- Required action -
The listing is to be returned word for word, without its images.

- Collected data -
%%

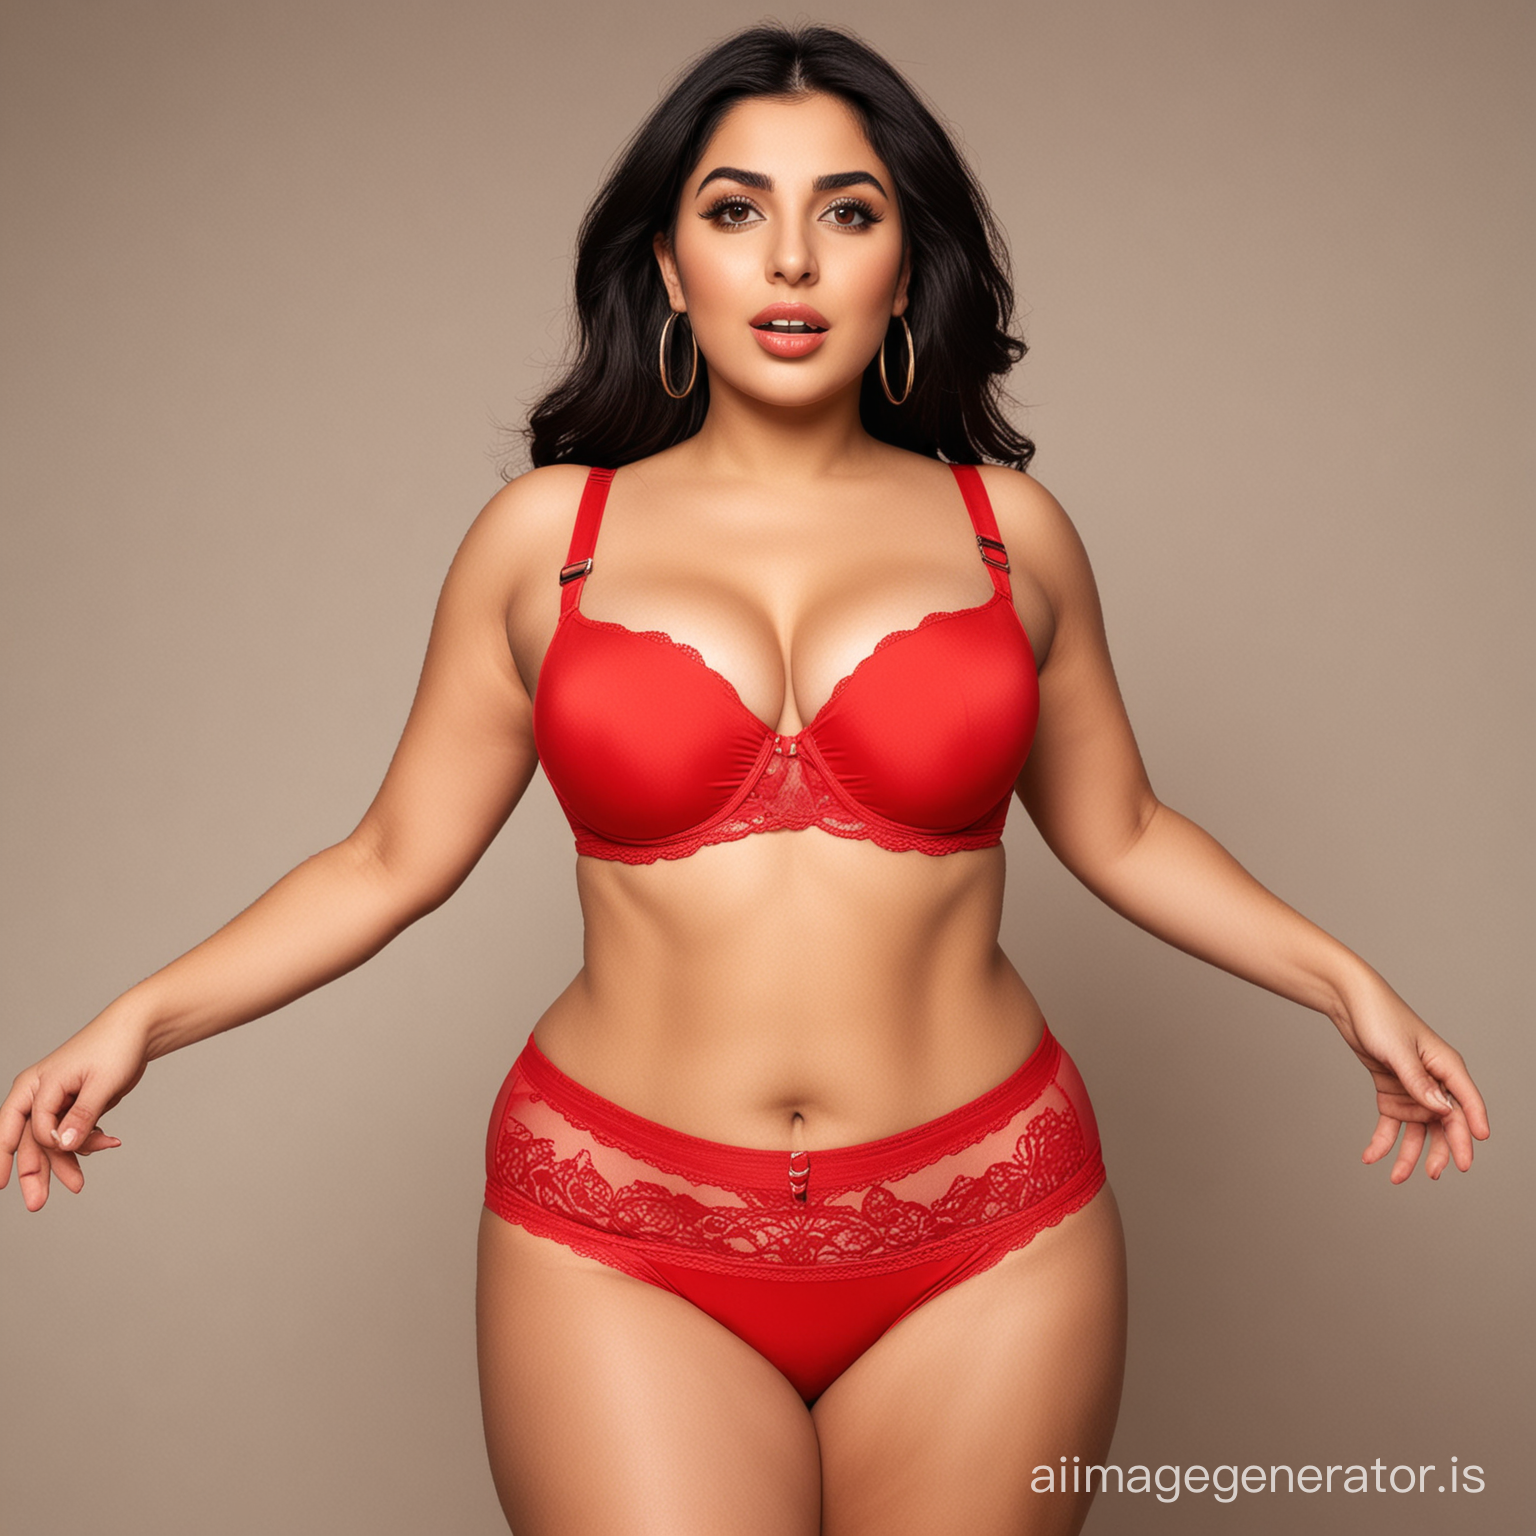 Arab woman in bra, red high waisted underwear big hips 
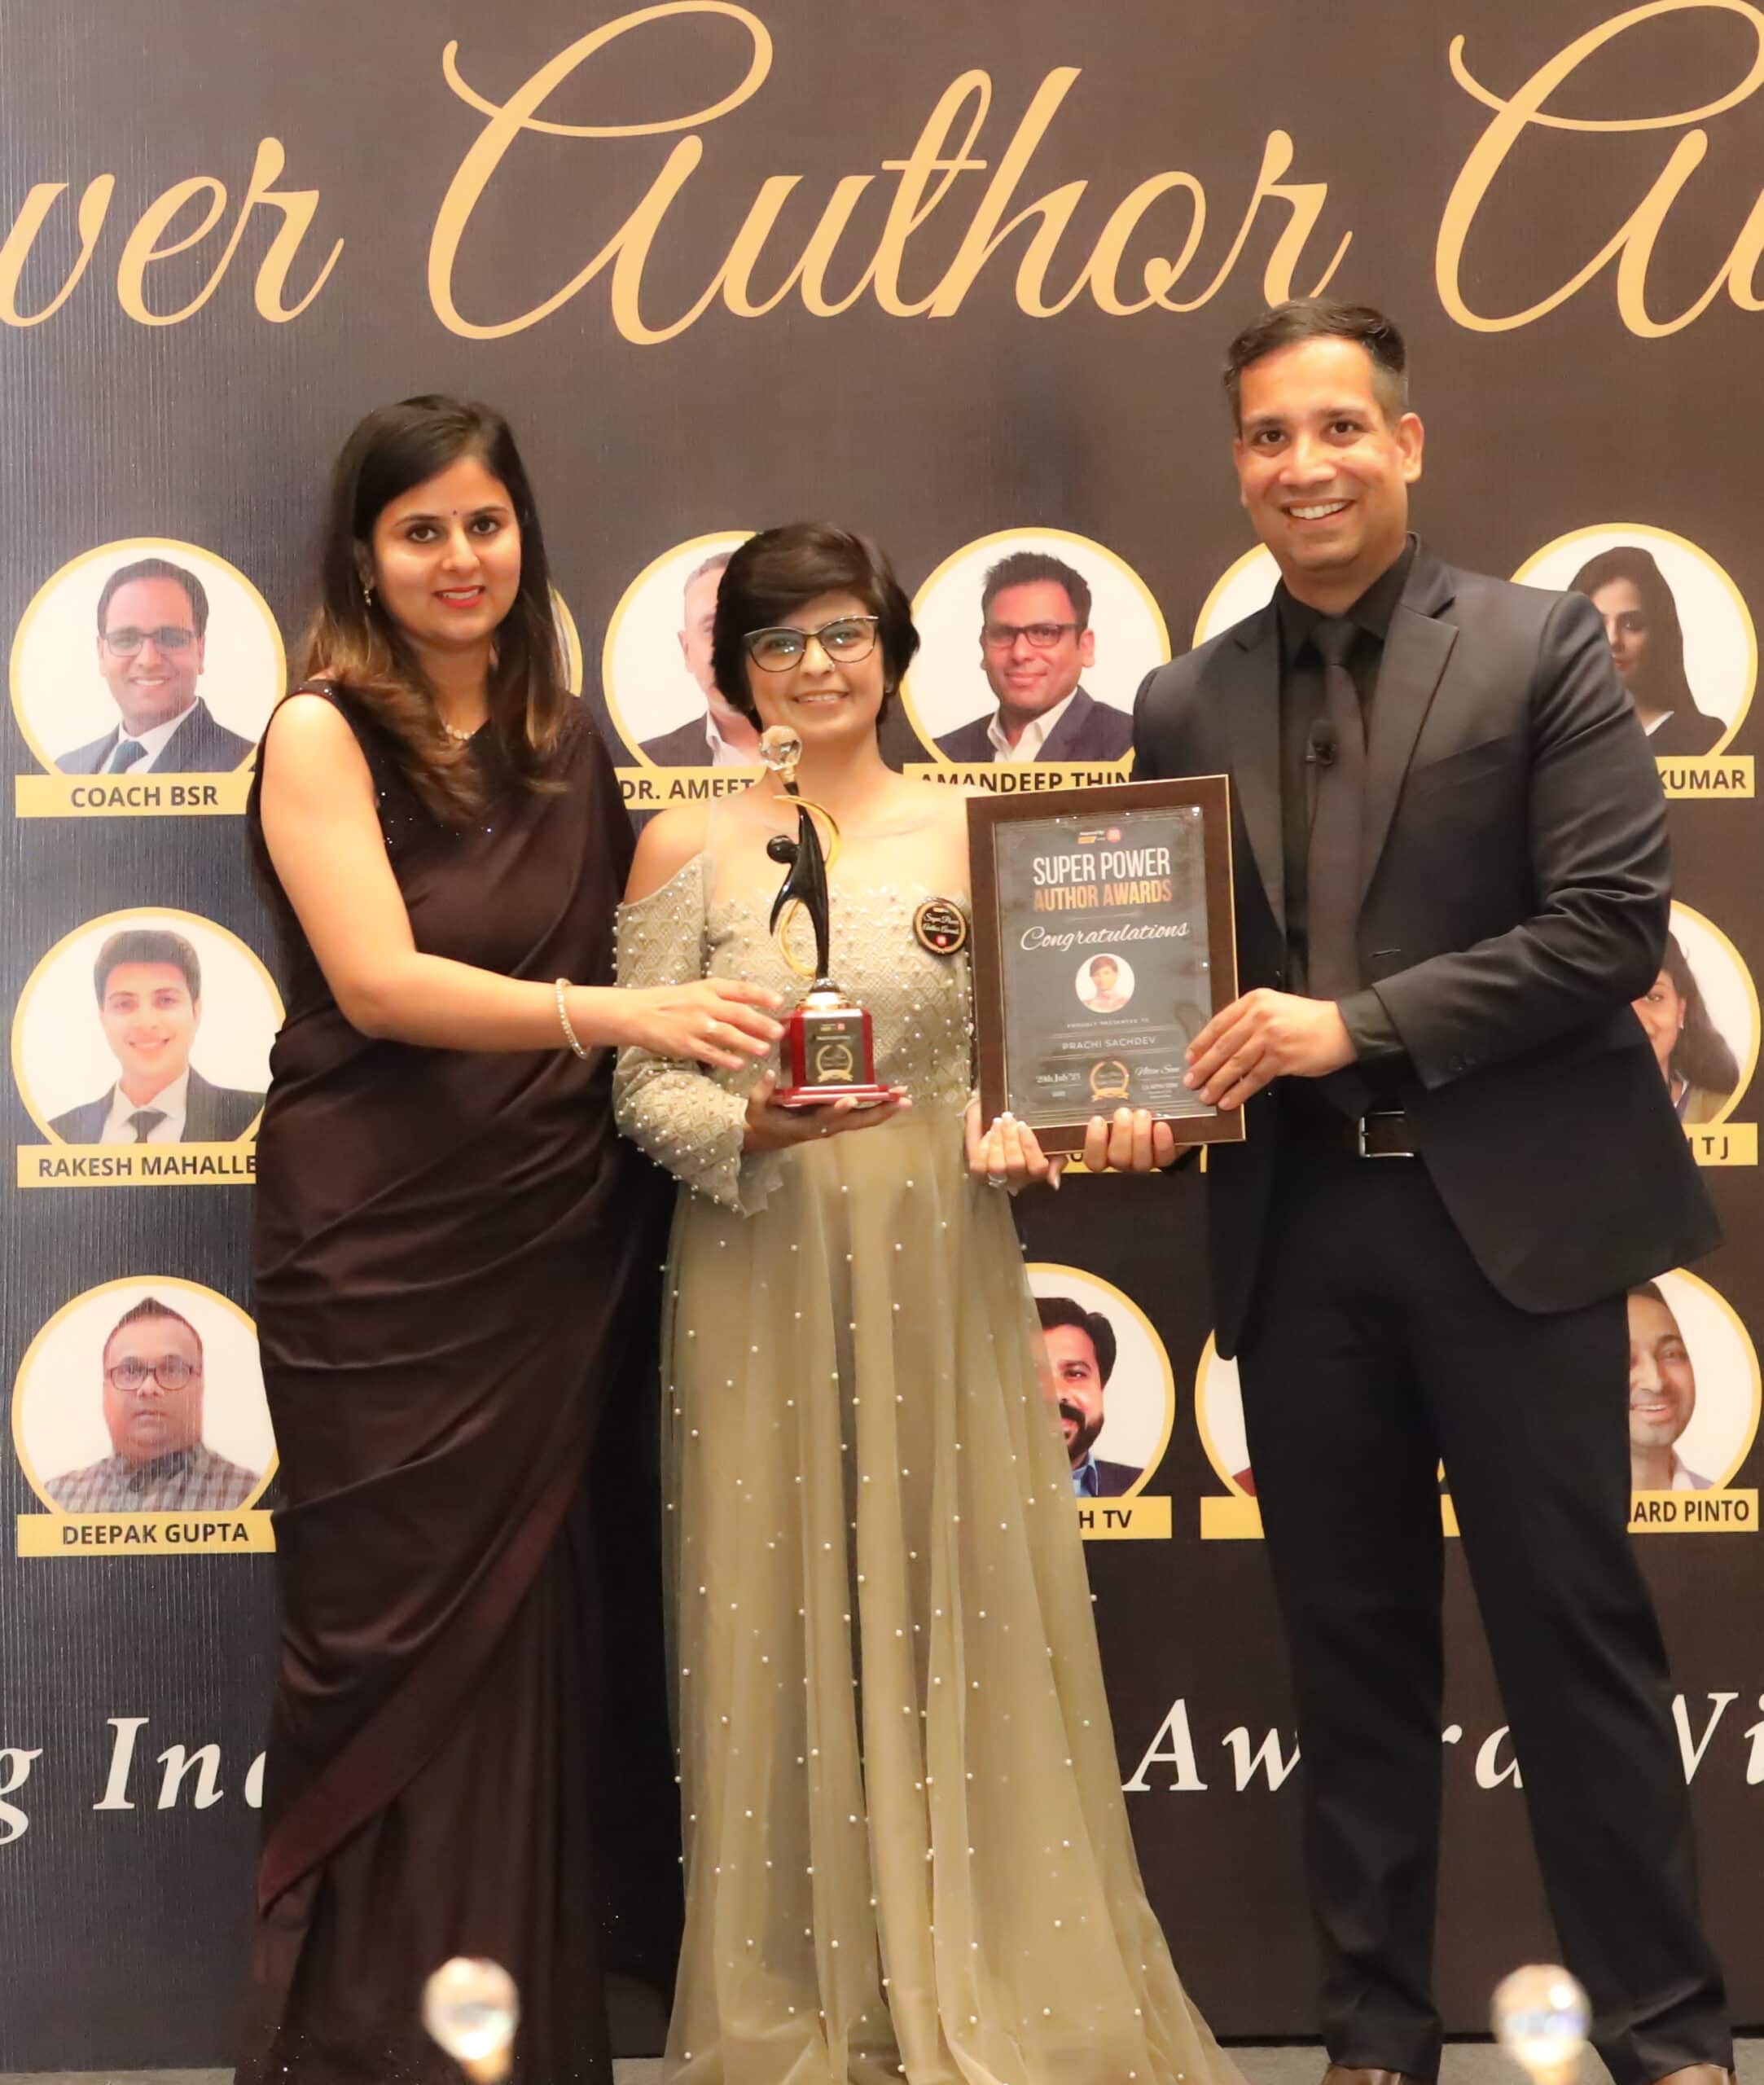 Super Power Author Award - Prachi Sachdev
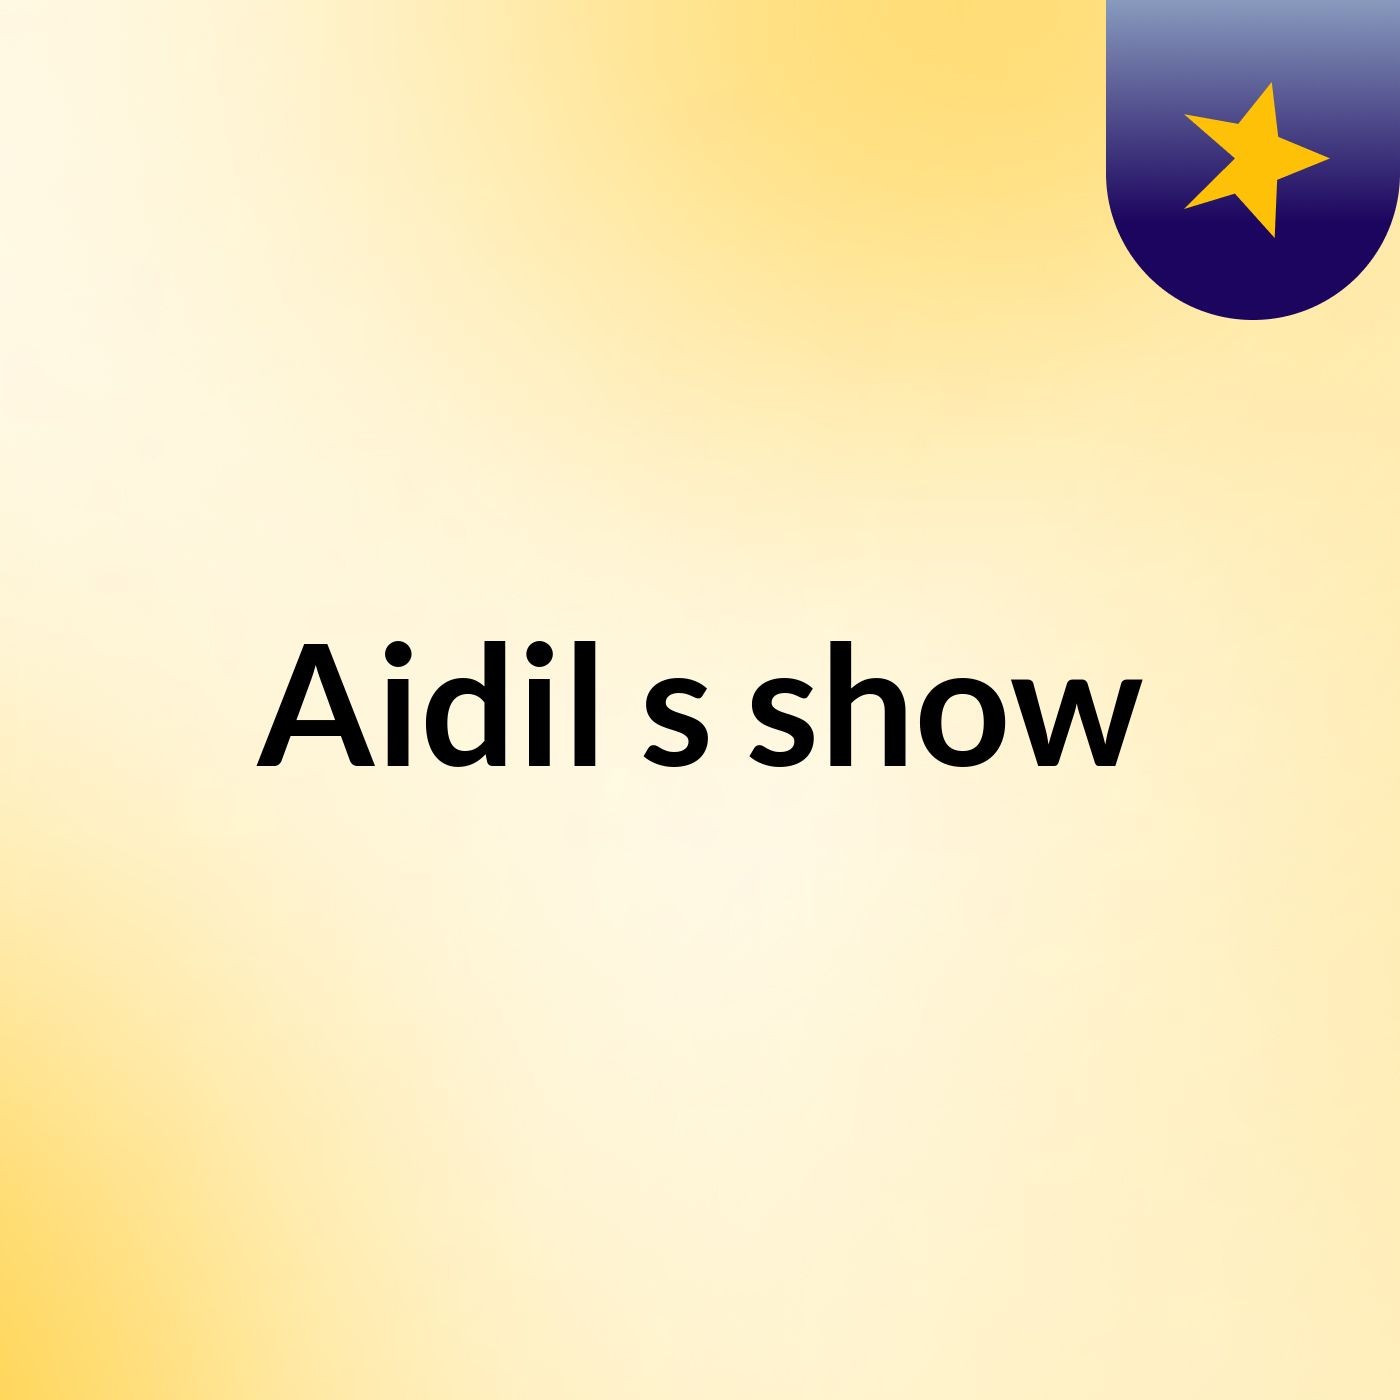 Episode 2 - Aidil's show

%%

- Answer box -
 Arab woman in bra, red high waisted underwear big hips 
 Super Power Author Award - Prachi Sachdev
 Episode 2 - Aidil's show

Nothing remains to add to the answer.